Why are HDFC AMC shares up 5% today? Explained

HDFC AMC shares jumped over 5% in early trade on Thursday after the Securities and Exchange Board of India (SEBI) announced a cut in mutual fund expense ratios, a move that is being seen as positive for large and well-established asset management companies. As of 10:13 AM, the shares were trading 4.82% higher at Rs 2,663.60.

The rally came a day after SEBI, on December 17, 2025, decided to reduce the costs that mutual funds can charge investors. The regulator’s decision aims to make mutual fund investing more affordable, encourage higher retail participation, and improve overall transparency and compliance in the industry. Following the announcement, several AMC stocks saw strong buying interest, with HDFC Asset Management Company emerging as one of the top gainers.

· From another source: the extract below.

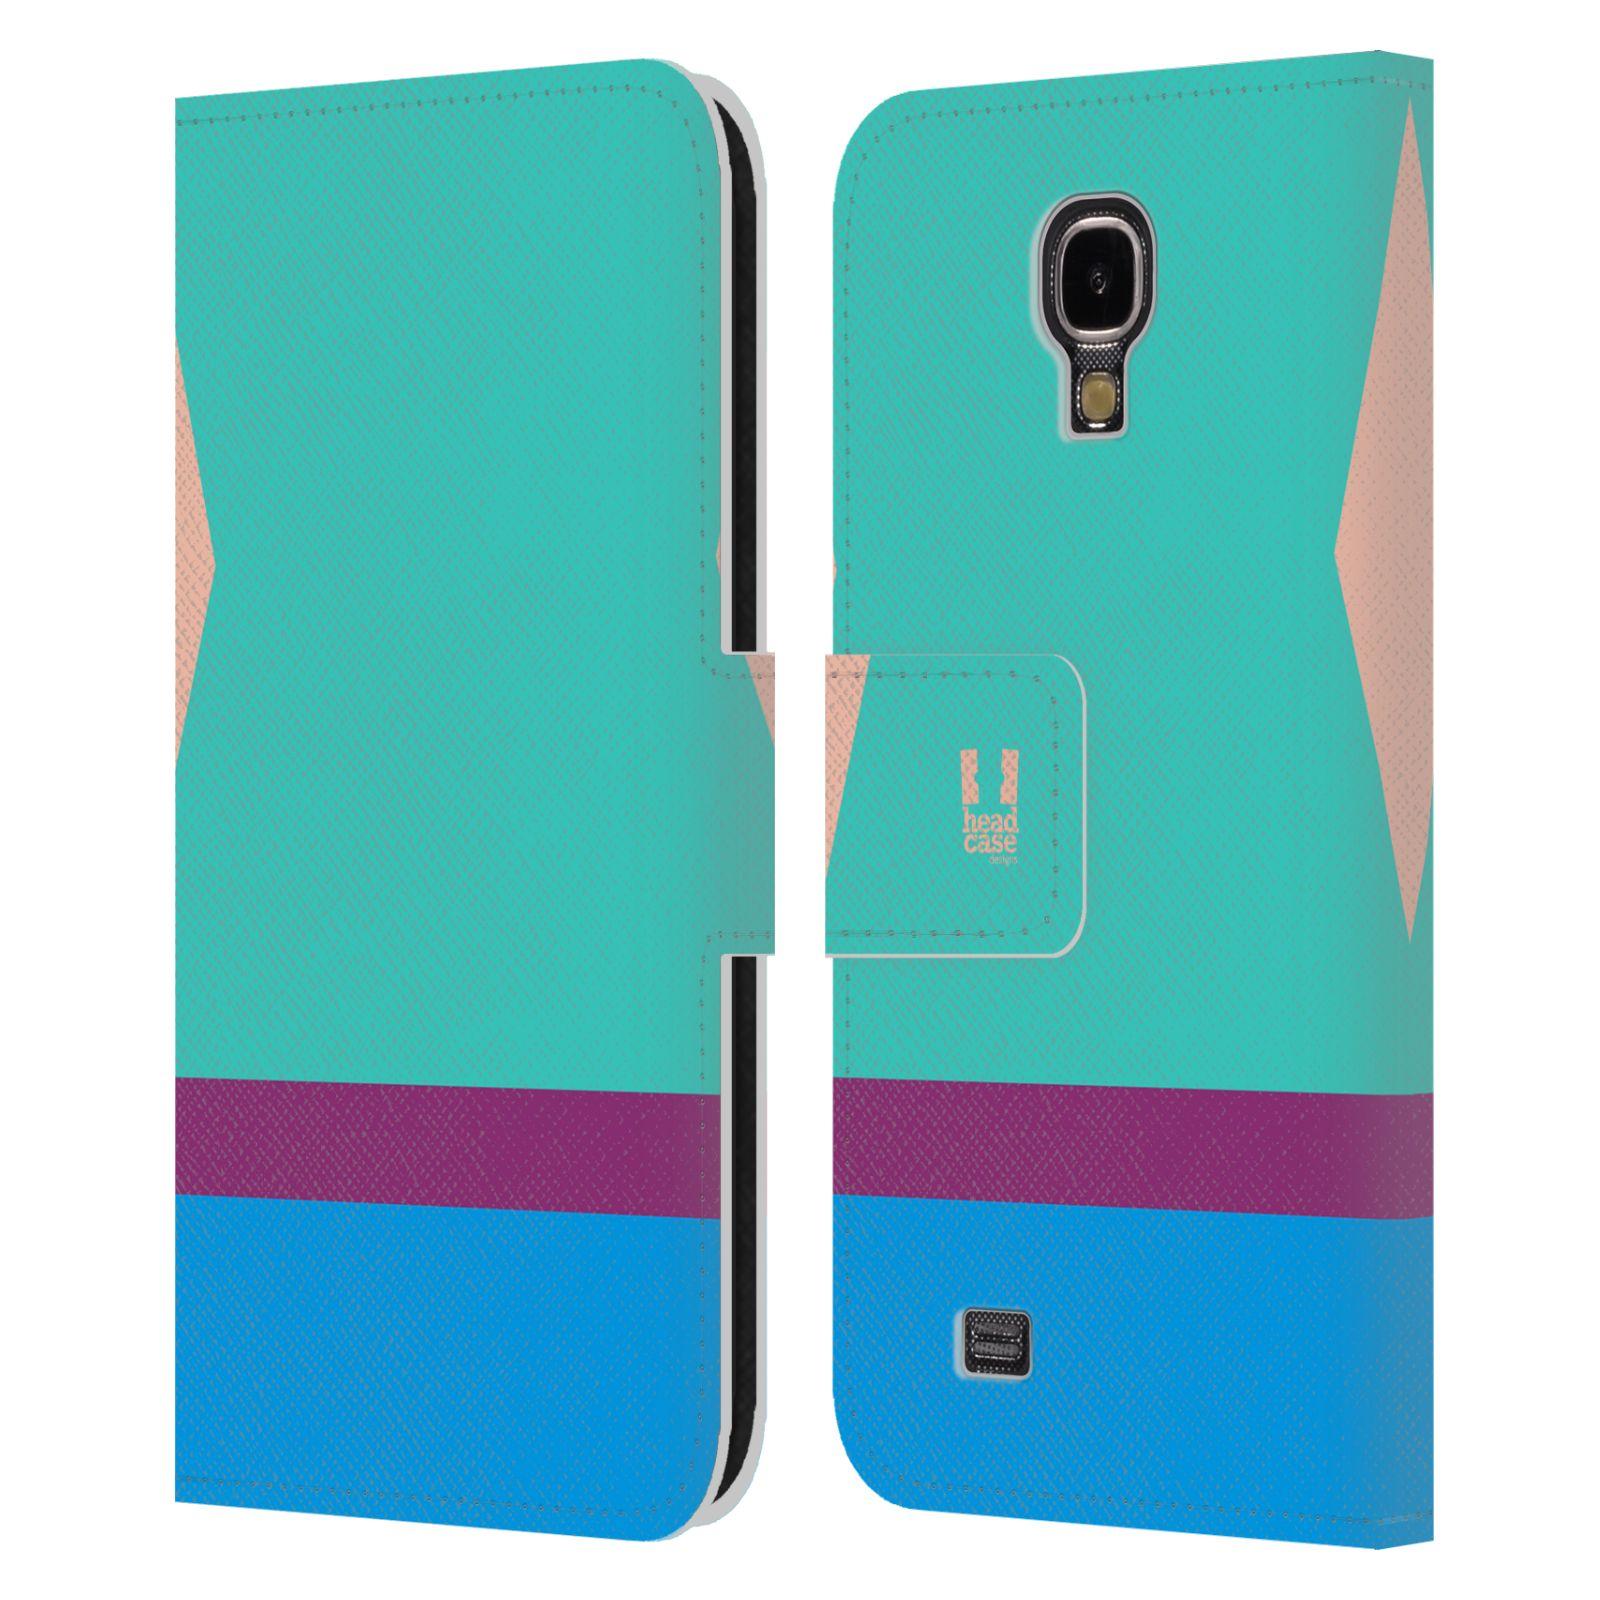 HEAD CASE Flipové pouzdro pro mobil Samsung Galaxy S4 I9500 barevné tvary modrá a fialový pruh

According to SEBI’s notification, the existing expense ratio framework has been restructured, and the limits will now be referred to as the Base Expense Ratio (BER). Importantly, the BER will exclude all statutory levies such as GST, stamp duty, SEBI fees, exchange fees, and other regulatory charges. This means these statutory costs will no longer be bundled into the expense ratio charged to investors.

SEBI also clarified that the total expense borne by investors will not simply be a combination of the BER along with brokerage, regulatory, and statutory levies. This change is expected to bring greater clarity on the actual fund management costs and ensure a more uniform cost structure across schemes.

The revised expense ratio norms apply across a wide range of mutual fund categories. These include index funds, exchange traded funds (ETFs), fund of funds (FoFs), equity-oriented schemes investing more than 65% of assets under management in equities, other FoFs, closed-ended schemes, and schemes other than equity-oriented funds.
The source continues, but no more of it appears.